The paper, which has been declassified, lists the "extremist connections" of the IIRO as being Hamas, the Algerian Al-Gama al Islamiyya, and "Usama bin Laden, a wealthy Saudi-born businessman currently residing in Sudan who supports various Islamic extremist groups." The report also outlines the IIRO's extensive ties to Bosnian Islamist groups, its funding of them and the use of charity IDs by combatants.

My colleague on the Counterterrorism Blog, Zachary Abuza gives a good summary of some of the other ties: Ramzi Yousef, who was involved in the first World Trade Center bombing and the mastermind of an elaborate scheme to down airliners and kill the Pope John Paul II in Manila; and the links of Mohammad Jamal Khalifa, Osama bin Laden's brother-in-law, to the plot while head of the IIRO in the Philippines.

It would seem that all of that would have been ample reason to designate the IIRO, in its entirety, some time ago. That it is happening now gives more sorrow than joy, showing how slow the going is against Islamist groups that can and have been clearly identified a long time ago.
POSTED BY DOUGLAS FARAH
By Holding its Own, Hezbollah Shows Difficulties Ahead
By holding out two weeks longer than the nations that attacked Israel during the Six-Day War, Hezbollah has proven itself to be a formidable military force that has spent recent years increasing its wartime capacity and training even as it was projecting a more moderate image of a party in government.

Granted, the military success to date is built partly on the willingness to hide among the civilian population, in part giving rise to the horrendous civilian toll in the conflict. Nor is Hezbollah capable or seeking to destroy the nation of Israel. Its objectives and means are more limited than the more grandiose plans of previous nations to wage war there.

But when the dust clears at the end of each day, Hezbollah is there, against one of the most formidable armies in the world, fighting on familiar terrain, not far from home.

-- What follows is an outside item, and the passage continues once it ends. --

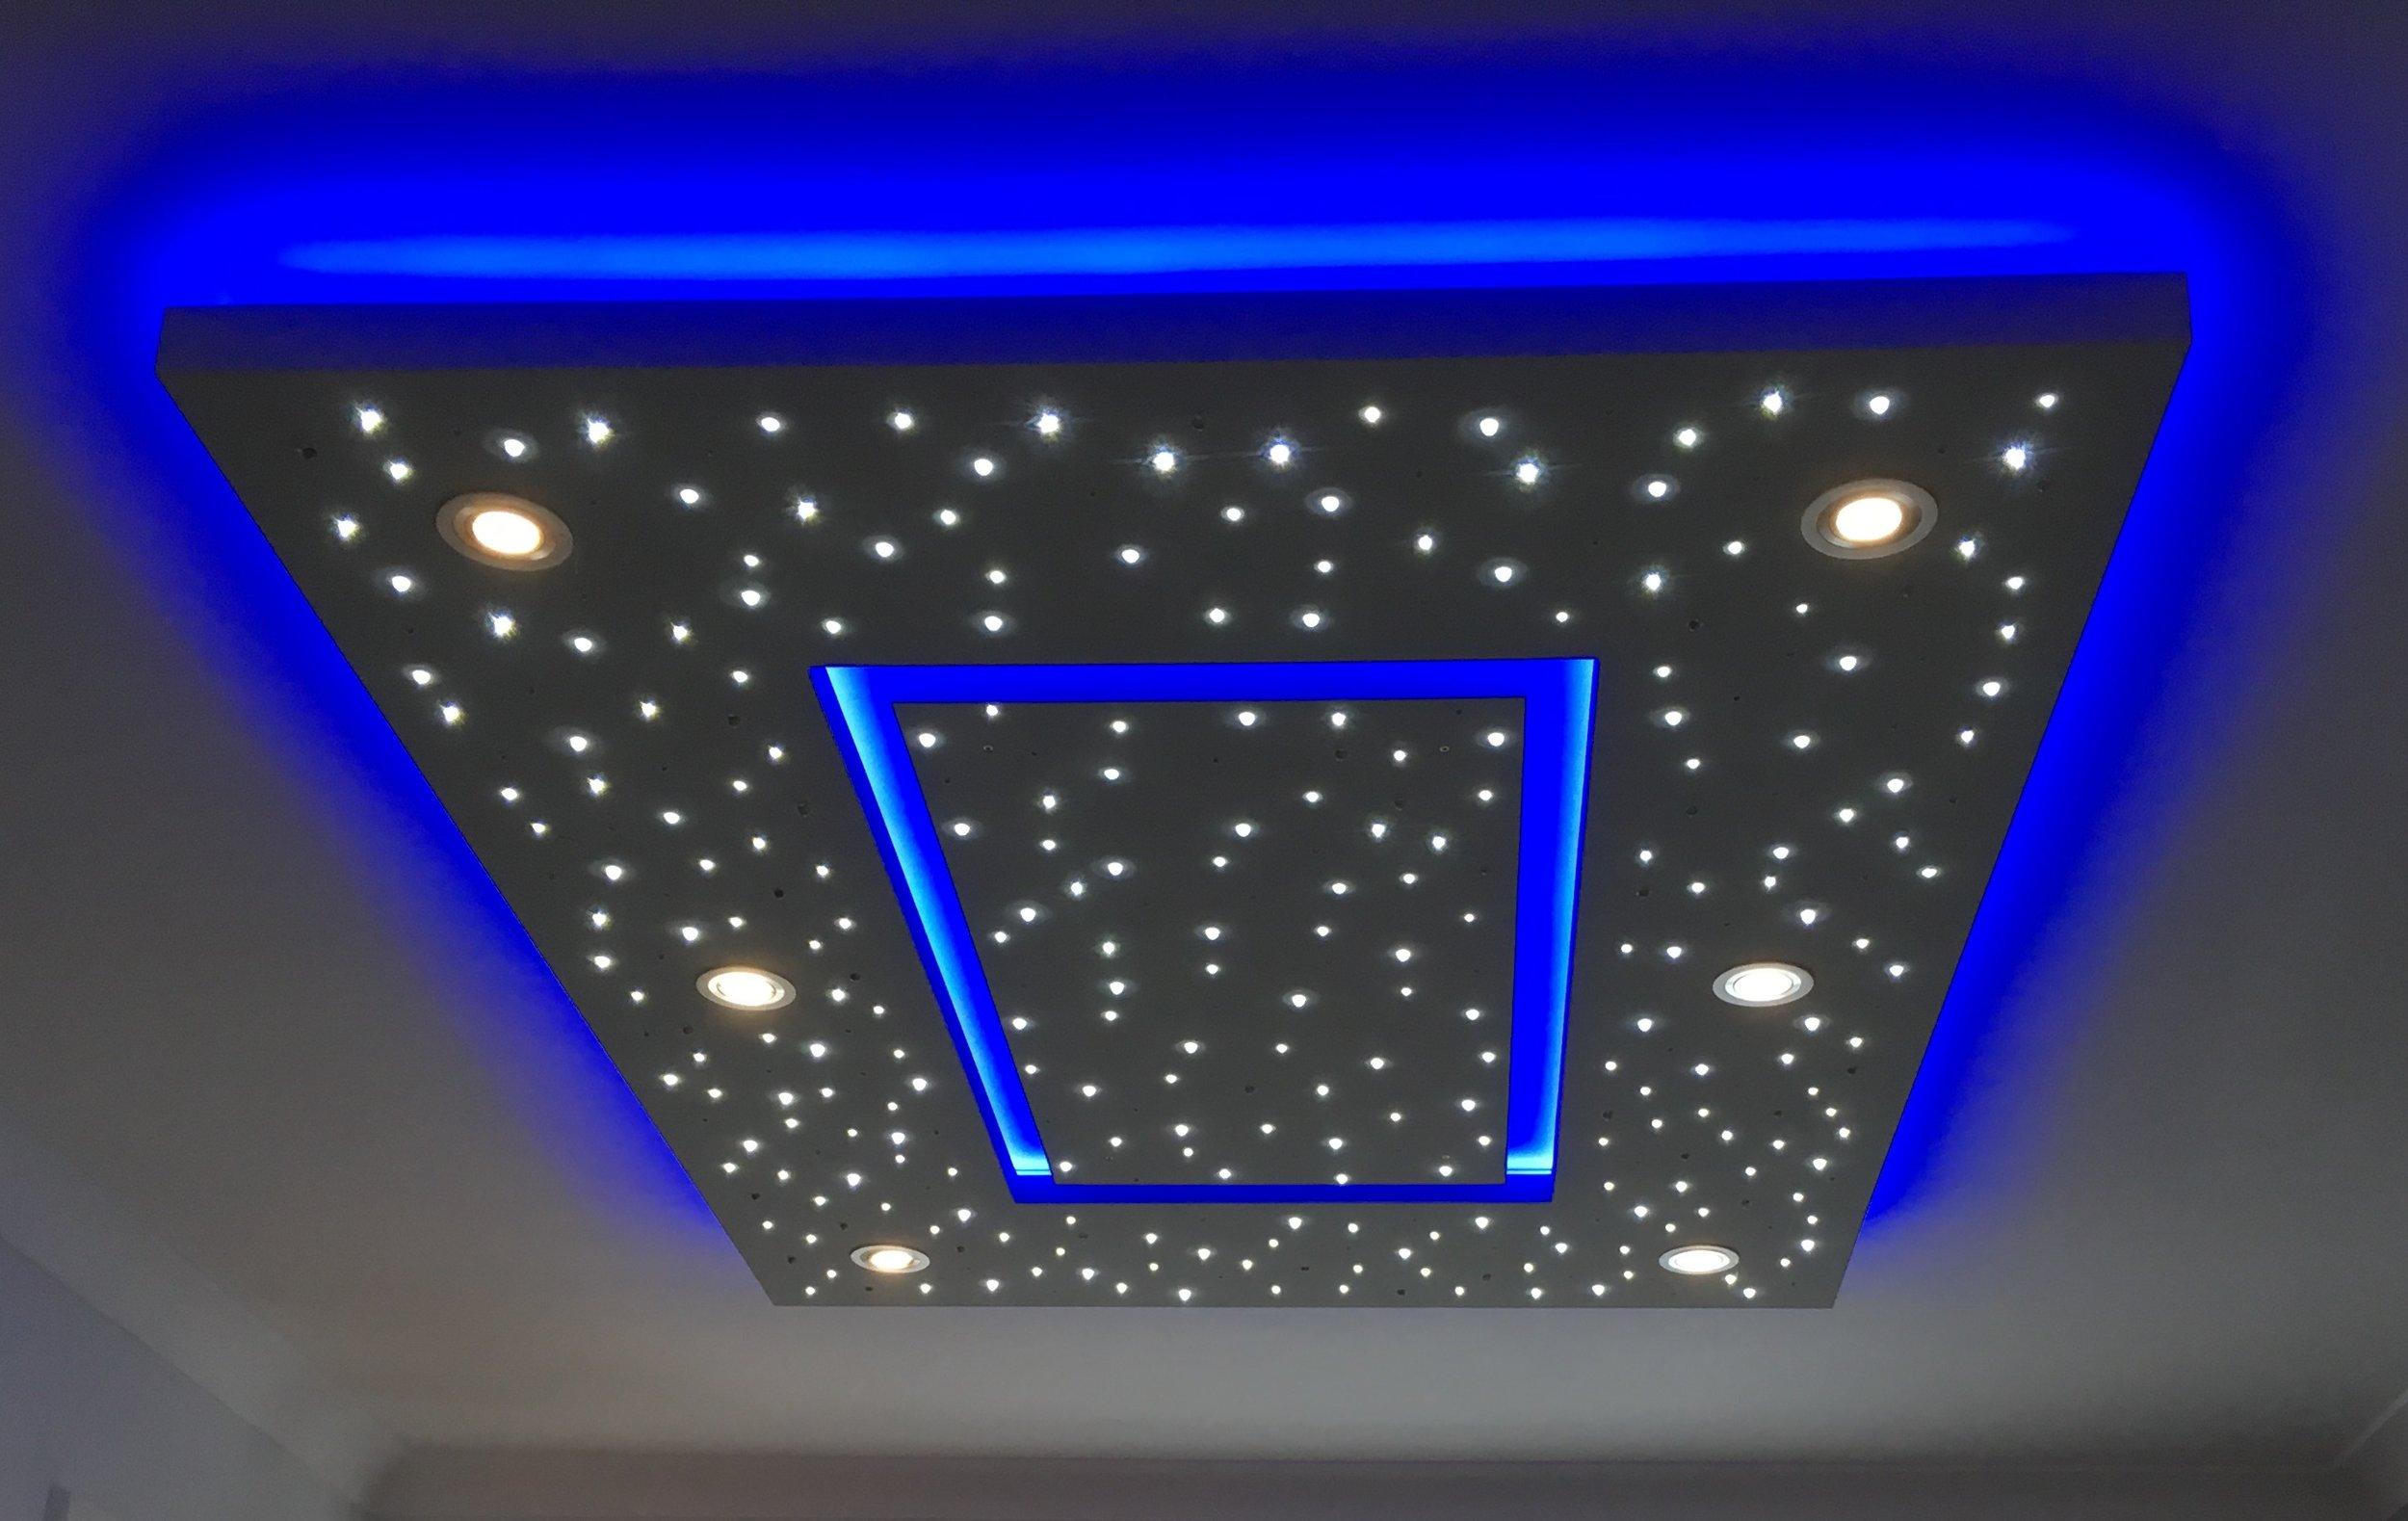 Star Ceiling in Living room, spotlights on

The double game was not unknown to Israel and others watching the region, but the amount of arms amassed, the constant upgrades of the group's capacity and the training show the dangers that non-state actors pose, especially if they enjoy a high level of state support. These groups often fare better than state militaries, have more flexibility and the ability to break down into small, self-contained units that are not bound by the rules and conventions of states.

The skill of formidable groups like Hezbollah, the Revolutionary Armed Forces of Colombia (FARC) and other groups-perhaps even including the core al Qaeda group- is often underestimated in calculating the groups' capacity and capability.

The ability of these groups to raise, manage and hide large streams of revenue, engage in political games and build clandestine structures is routinely downplayed, on the assumption that somehow these groups do not have the personnel or intelligence to engage in these types of sophisticated strategies. And routinely these groups surprise with the strength and capabilities.

Hezbollah's ability to endure the Israeli pounding is also projecting an image of heroism in the Shi'ite world, a sign that the IDF is not invincible, that standing and fighting is an option. And that is a dangerous precedent both for the region and groups beyond the Middle East who may want to test the reactions of states. We are woefully unprepared to deal with the challenge.